My thermodynamics textbook (Blundell & Blundell, second edn.) states in equation (16.65) that $$\frac{C_V}{T}=\left(\frac{\partial S}{\partial T}\right)_V \quad and \quad \frac{C_p}{T}=\left(\frac{\partial S}{\partial T}\right)_p. \tag{1}\label{1}$$ but does not specify the condition under which they can be used.

I try to derive these equations as follows. If one starts with the definition of heat capacity at constant volume $$C_V = \left(\frac{\partial Q}{\partial T}\right)_V\ ,$$ or $$dQ=C_V dT \quad \mathrm{at\ constant\ volume}. \tag{2}\label{2}$$ The definition of entropy reads $$dQ_{rev} = T\ dS, \tag{3}\label{3}$$ where $dQ_{rev}$ is the reversible change of heat.
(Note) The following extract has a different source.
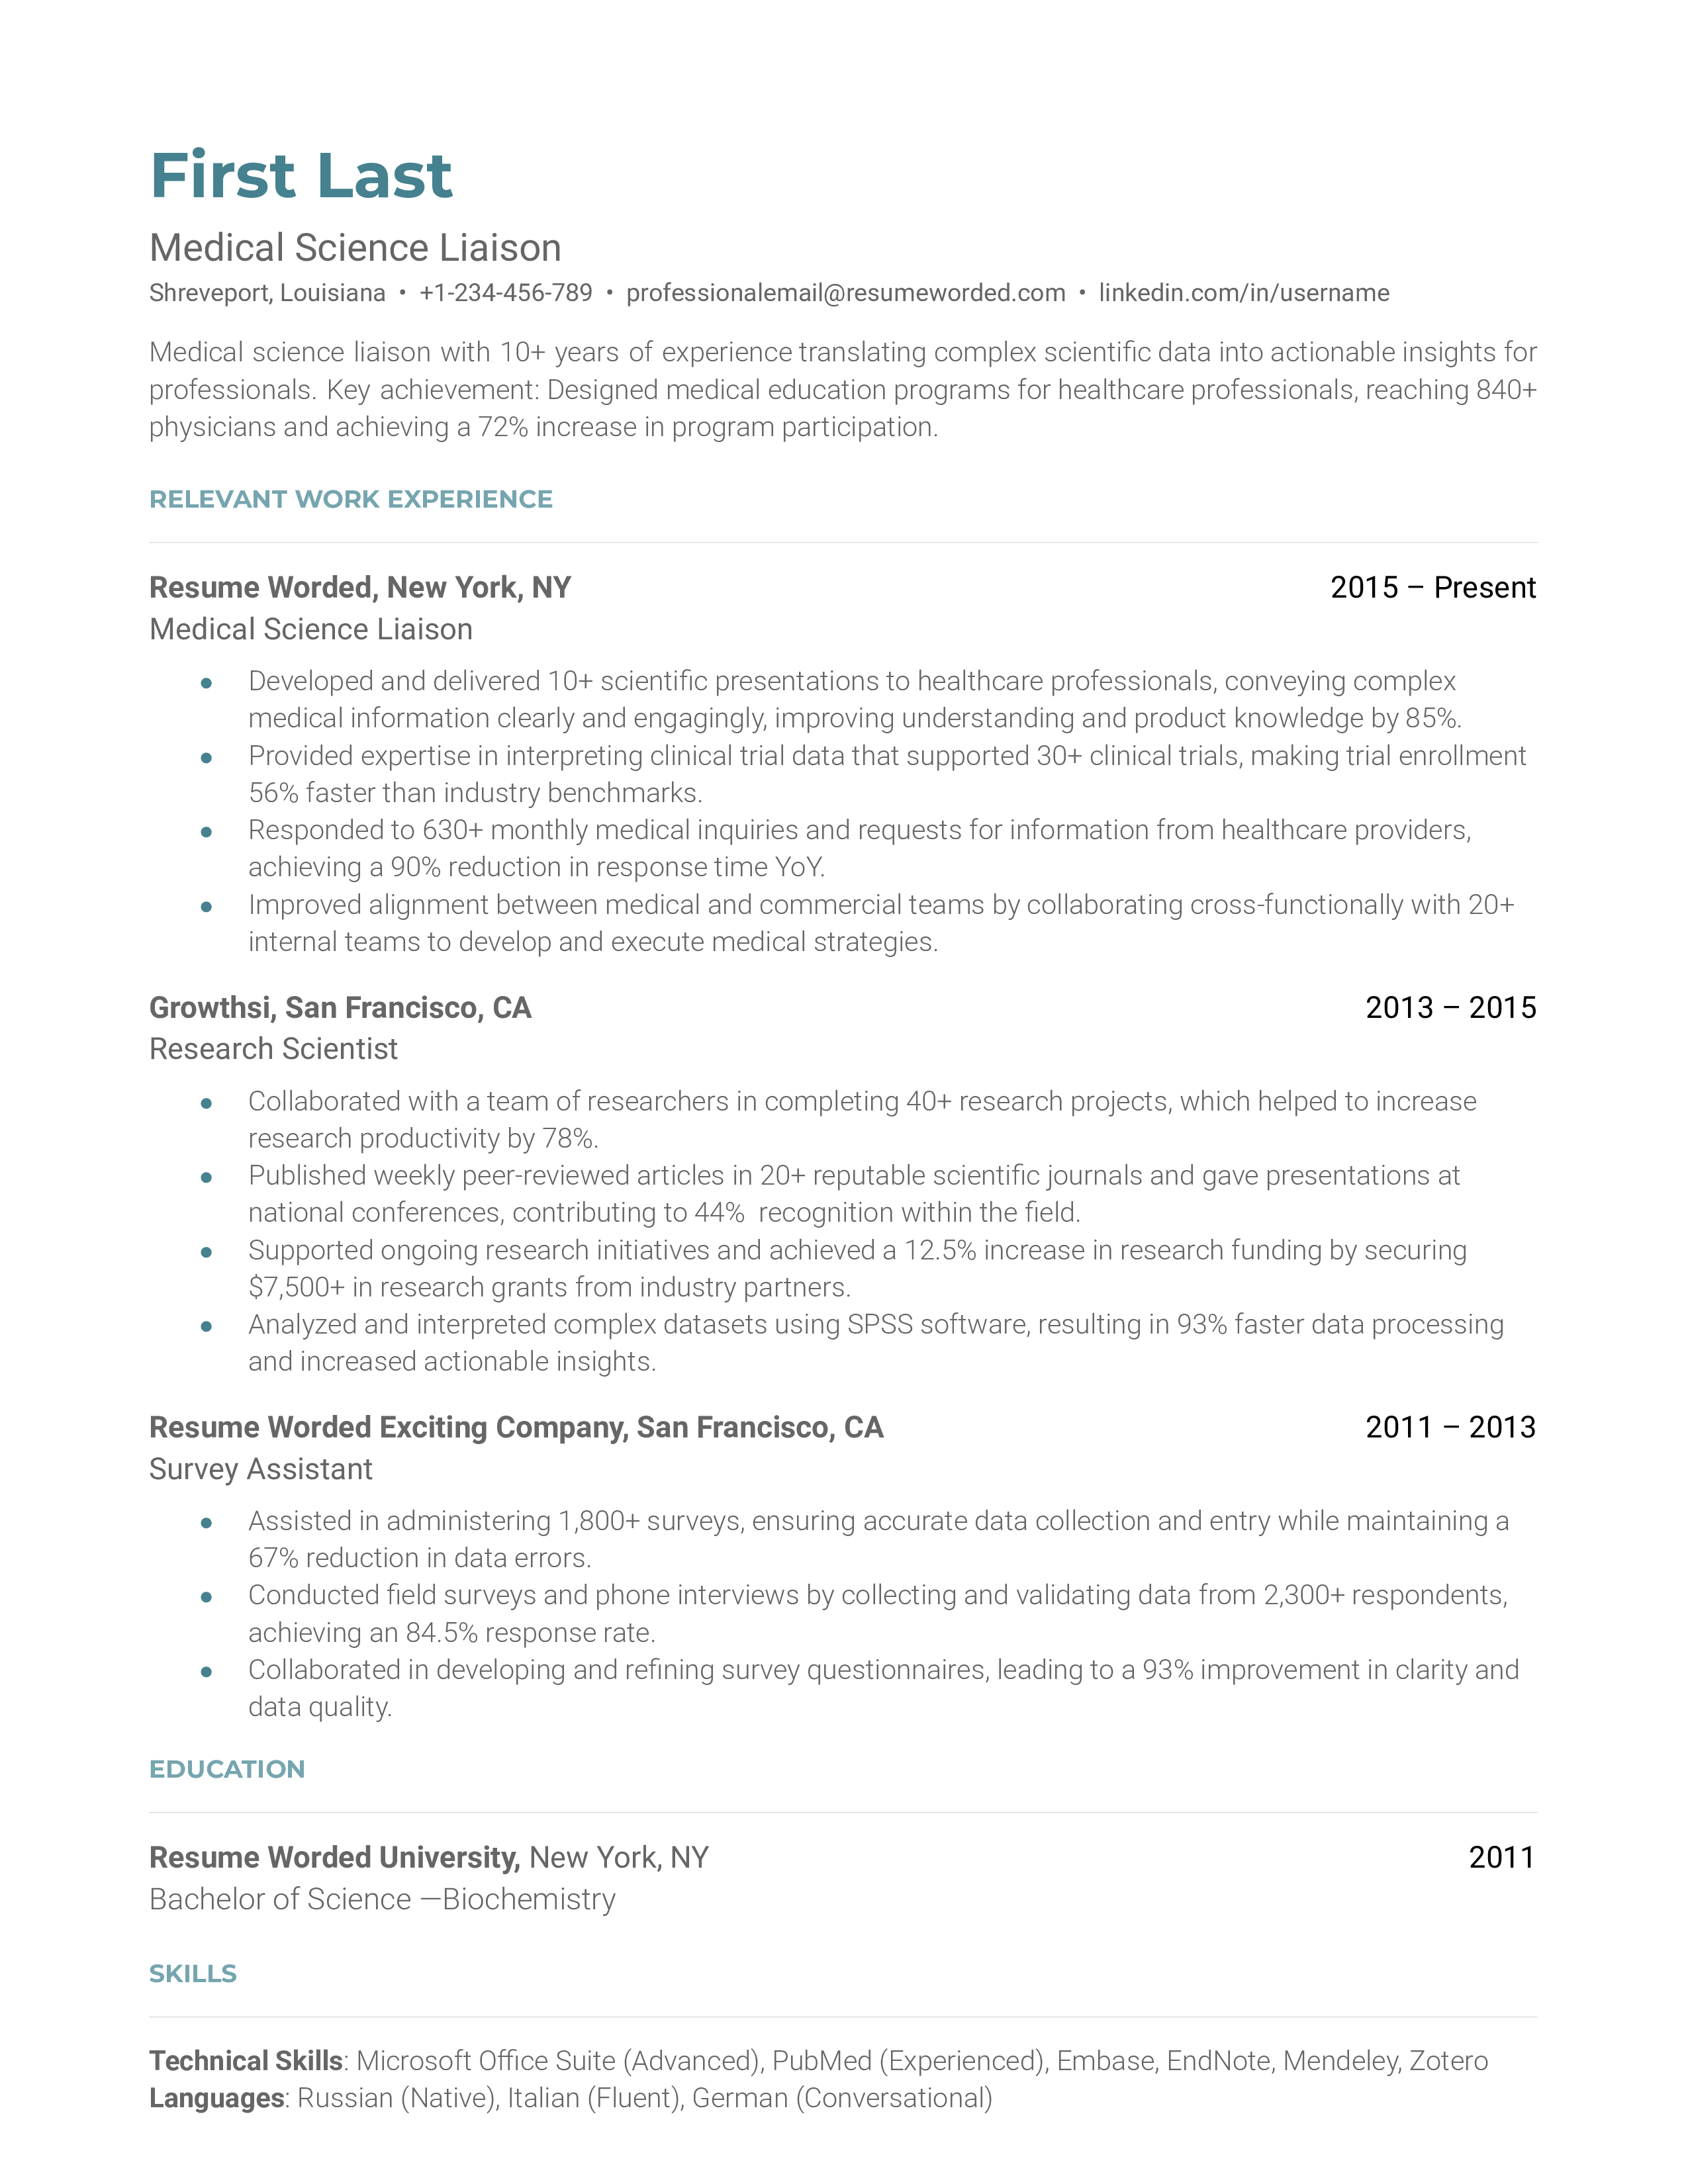 A well-structured MSL resume highlighting scientific knowledge and relationship-building experience.

Combining \eqref{2} and \eqref{3} one obtains the first of \eqref{1}, provided only that $dQ=dQ_{rev}$. Similar argument holds for the second one in \eqref{1}. Does this mean \eqref{1} is only true for reversible processes, or am I missing something?

  • 2
    $\begingroup$ What does heat capacity at constant temperature mean? $\endgroup$ Commented Jul 6, 2022 at 10:43
  • $\begingroup$ @ChetMiller Thanks—it was a typo. $\endgroup$
    – user339978
    Commented Jul 6, 2022 at 10:53
  • 1
    $\begingroup$ Writing $\partial Q/\partial T$ assumes that $Q$ is a state parameter that depends on $T$. Such a parameter doesn't exist by definition of $Q$, so your definition of $C_V$ can't be correct. $\endgroup$
    – Miyase
    Commented Jul 6, 2022 at 10:54

1 Answer 1


The defining equation you used for heat capacity is not the definition we use in thermodynamics. In thermodynamics, we use $$C_V=\left(\frac{\partial U}{\partial T}\right)_V$$where U is the internal energy. For a pure, single phase substance, it matches your definition only if V is constant. And, there is no particular reversible or irreversible process path involved. This just corresponds to the difference in internal energy between to closely neighboring thermodynamic equilibrium states of the material.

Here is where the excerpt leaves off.